> **Stored data**

# # # # #

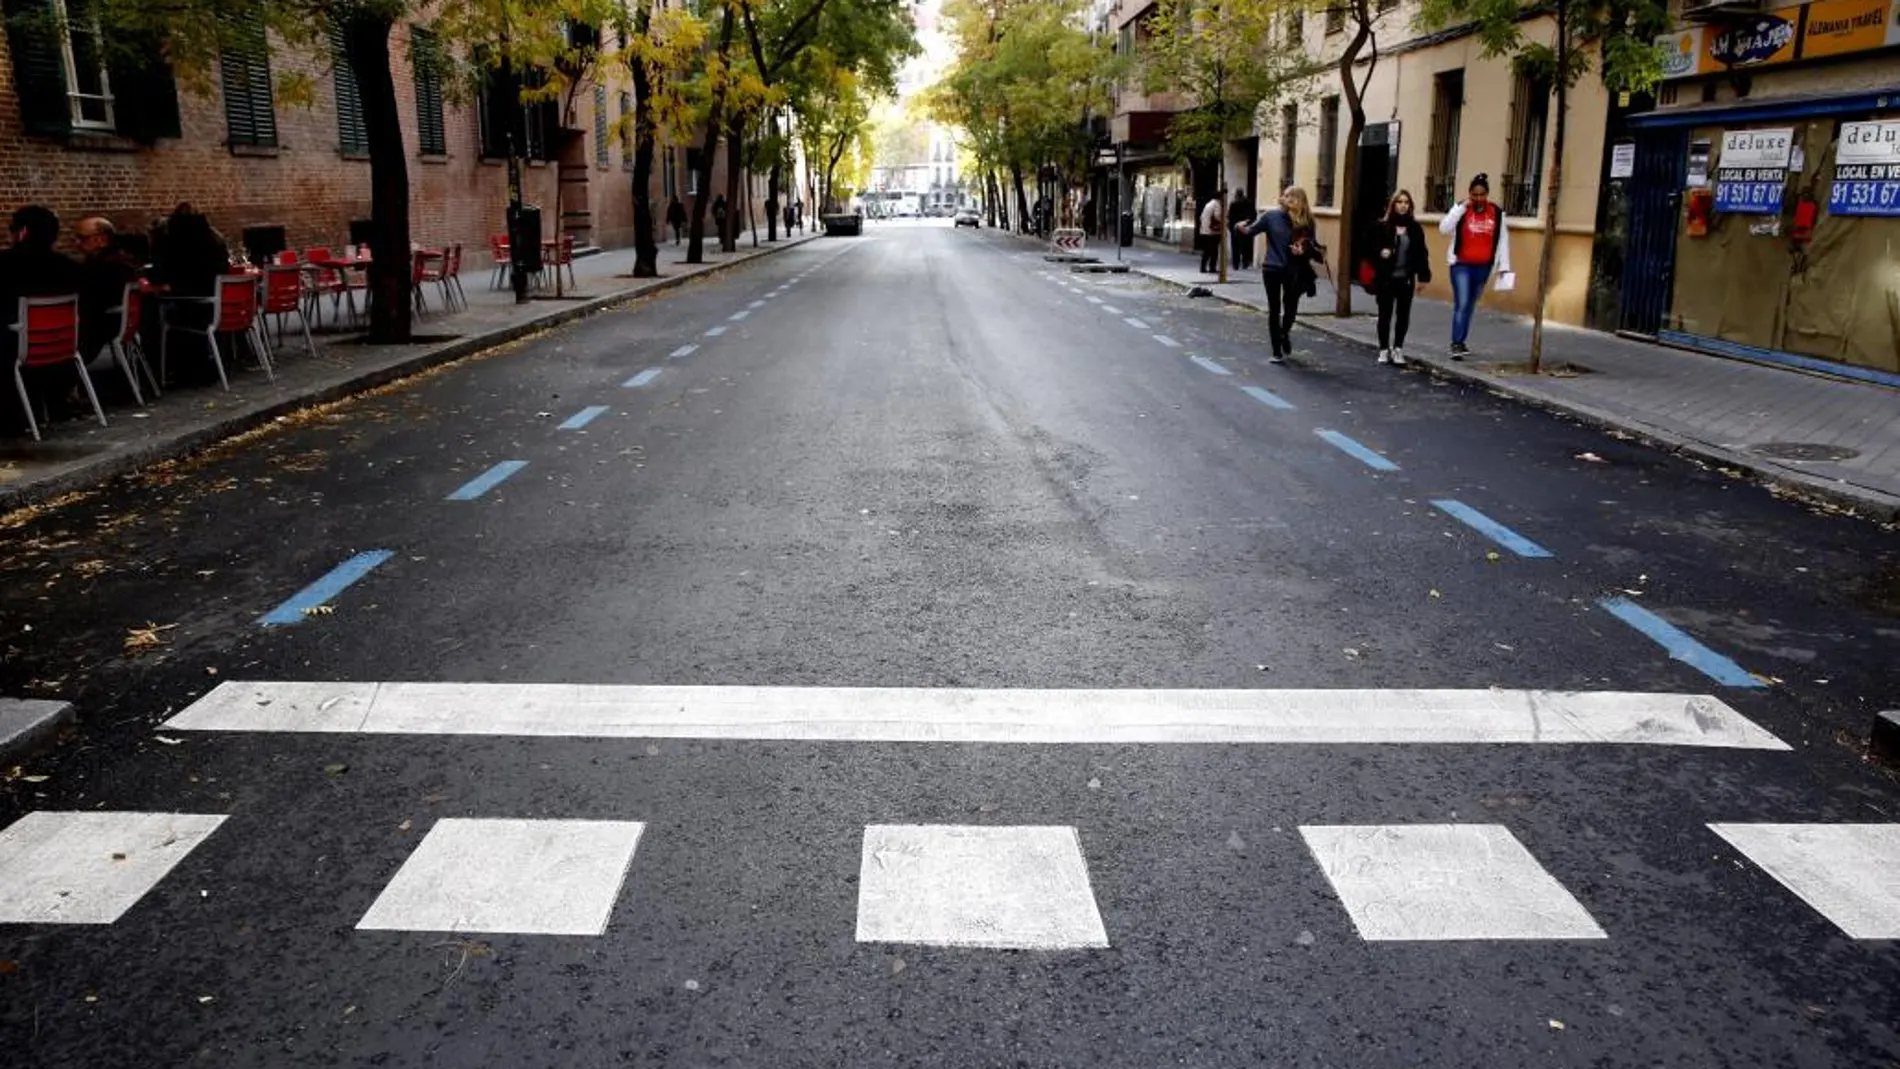 Imagen de una calle de Madrid durante los días en que hubo restricciones al aparcamiento en el centro de la ciudad
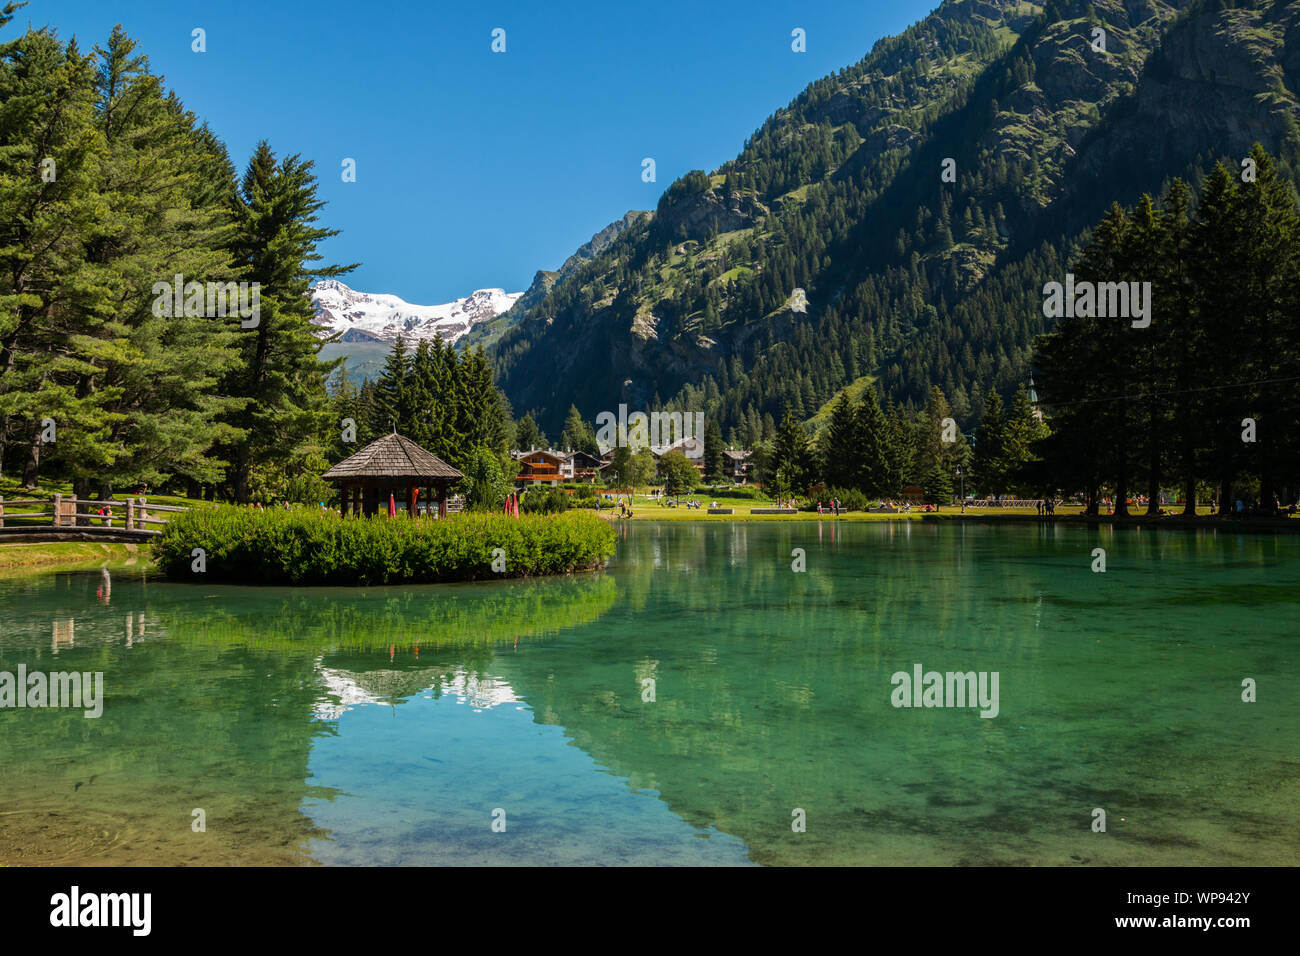 Lake Gover, Gressoney-Saint-Jean, Aosta, Valle d'Aosta, Italy Stock Photo -  Alamy
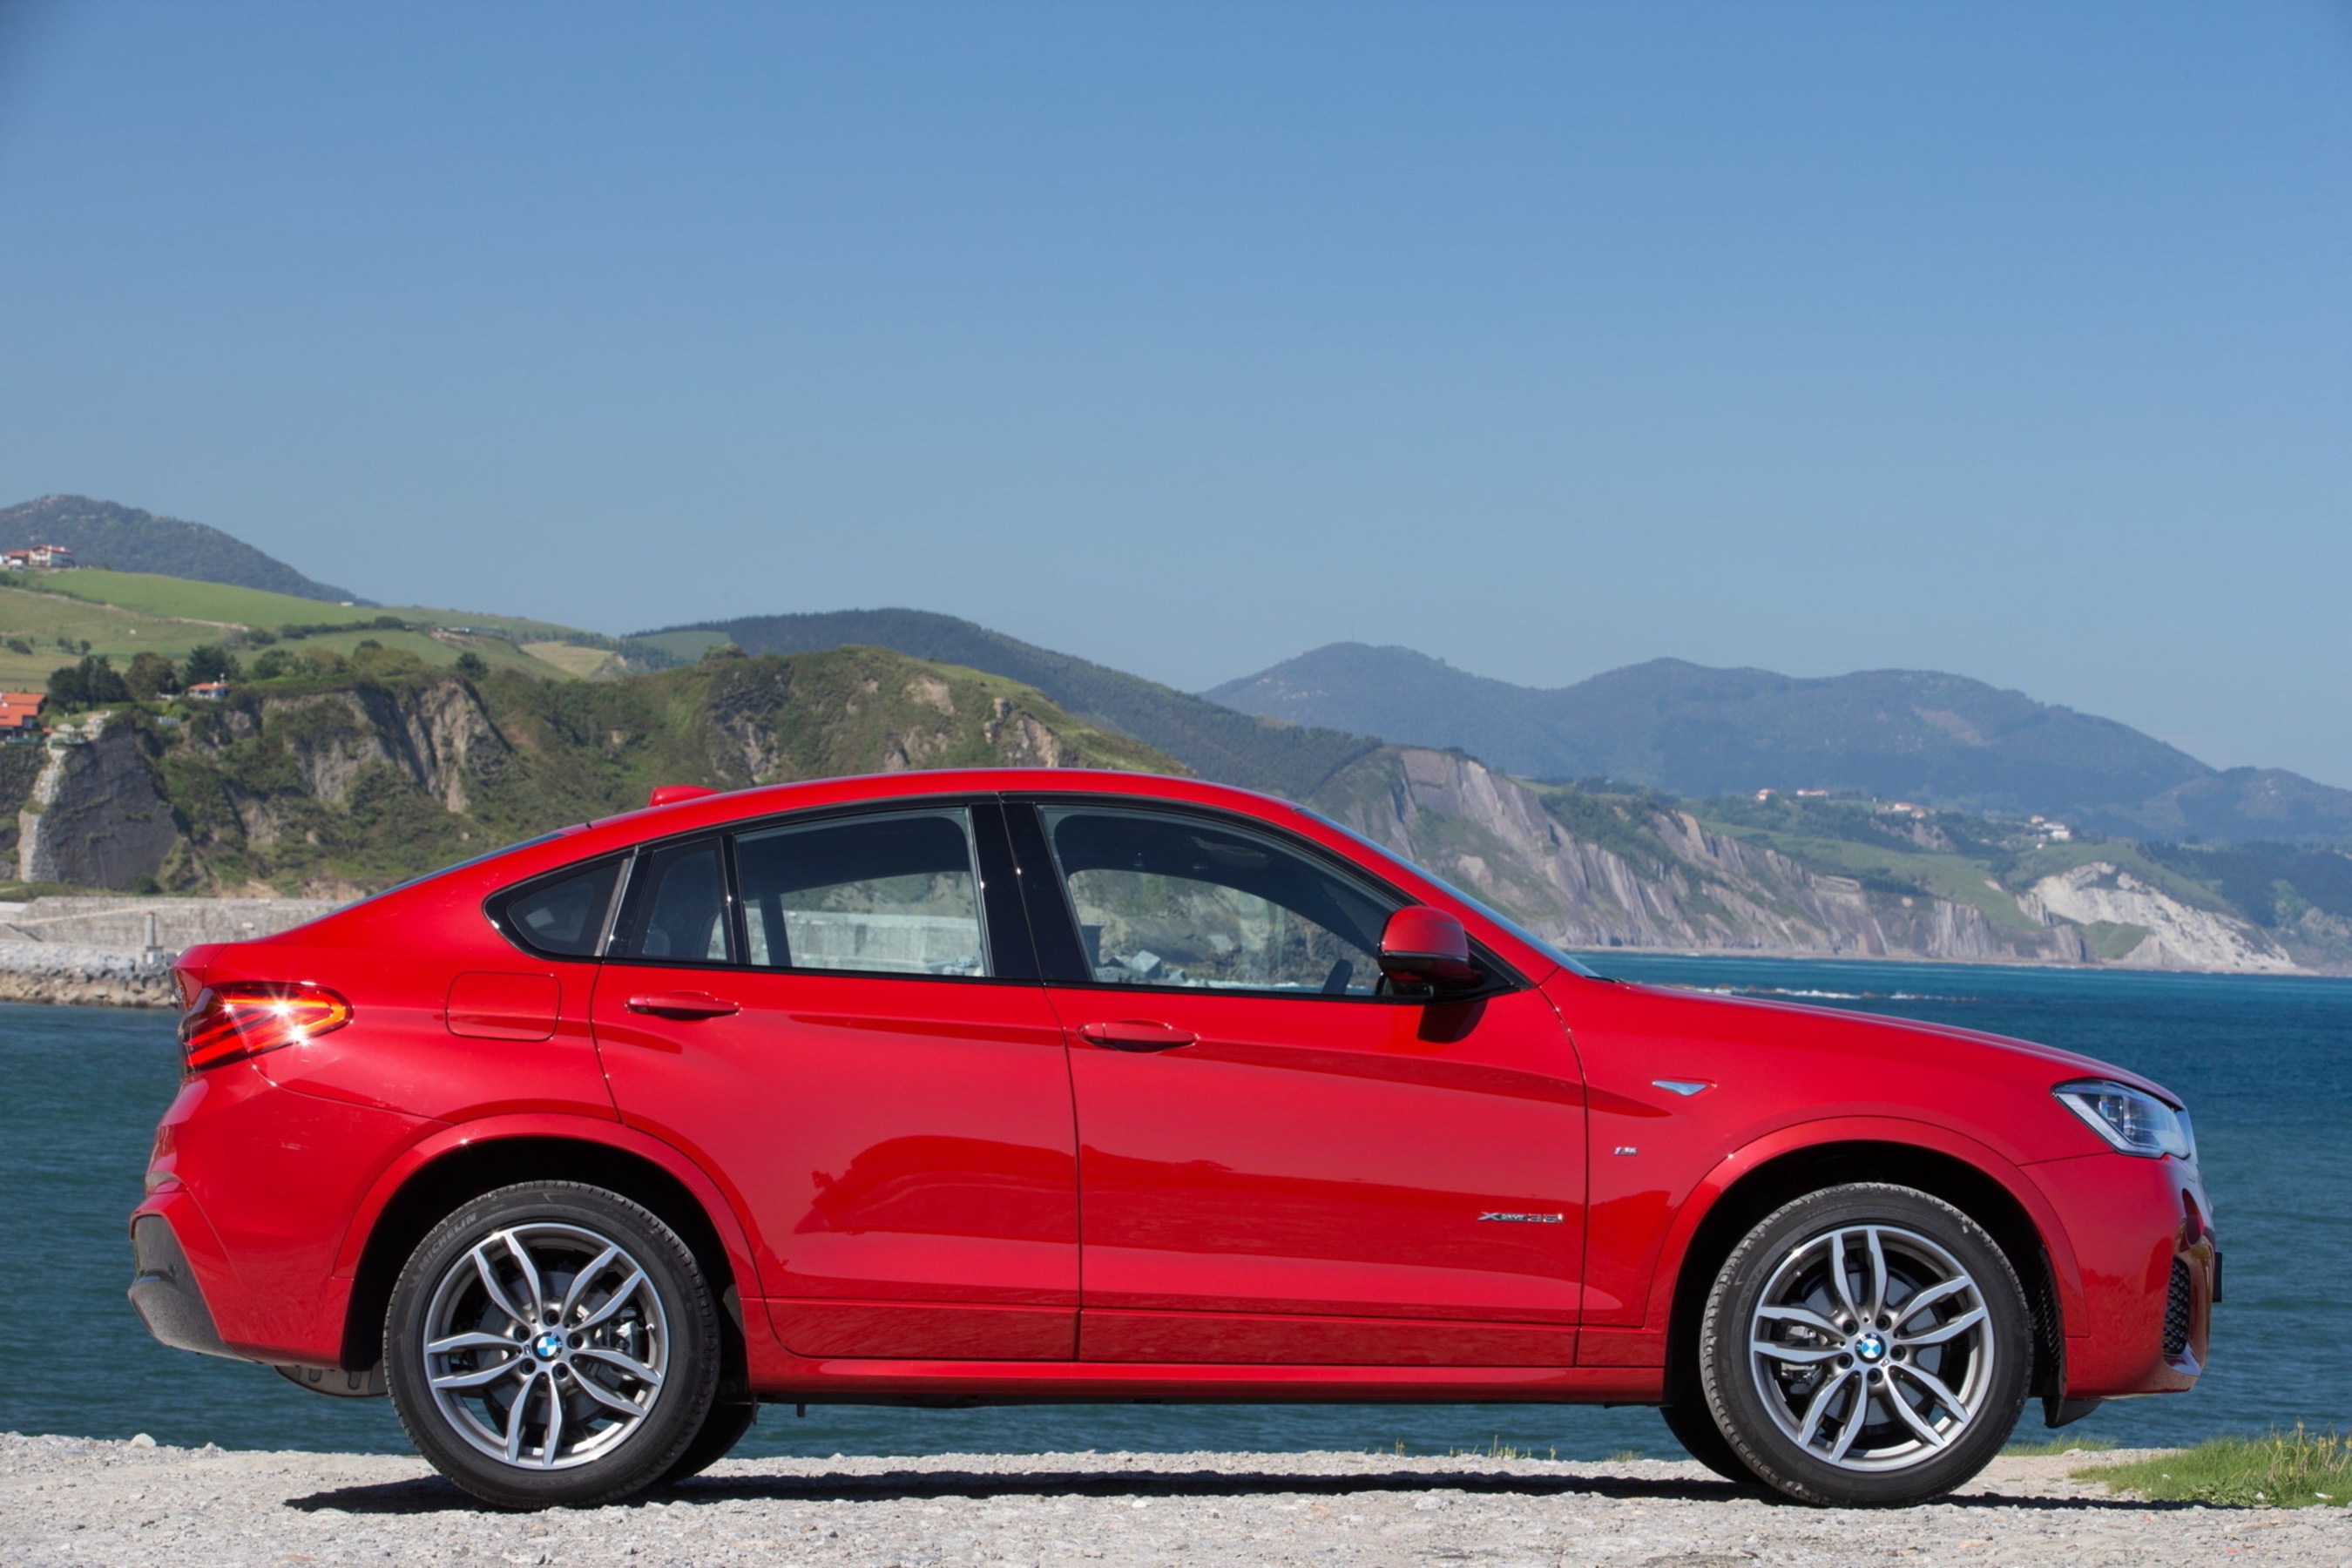 The BMW X4 saw its monthly sales jump nearly 90% in August 2015. (PRNewsFoto/BMW Group) (PRNewsFoto/BMW Group)

# # # # #

> **About this exercise**
What you return should be the full listing, unchanged, minus the pictures.

> **Answer below**
 Imagen de una calle de Madrid durante los días en que hubo restricciones al aparcamiento en el centro de la ciudad
 Lake Gover, Gressoney-Saint-Jean, Aosta, Valle d'Aosta, Italy Stock Photo -  Alamy
 The BMW X4 saw its monthly sales jump nearly 90% in August 2015. (PRNewsFoto/BMW Group) (PRNewsFoto/BMW Group)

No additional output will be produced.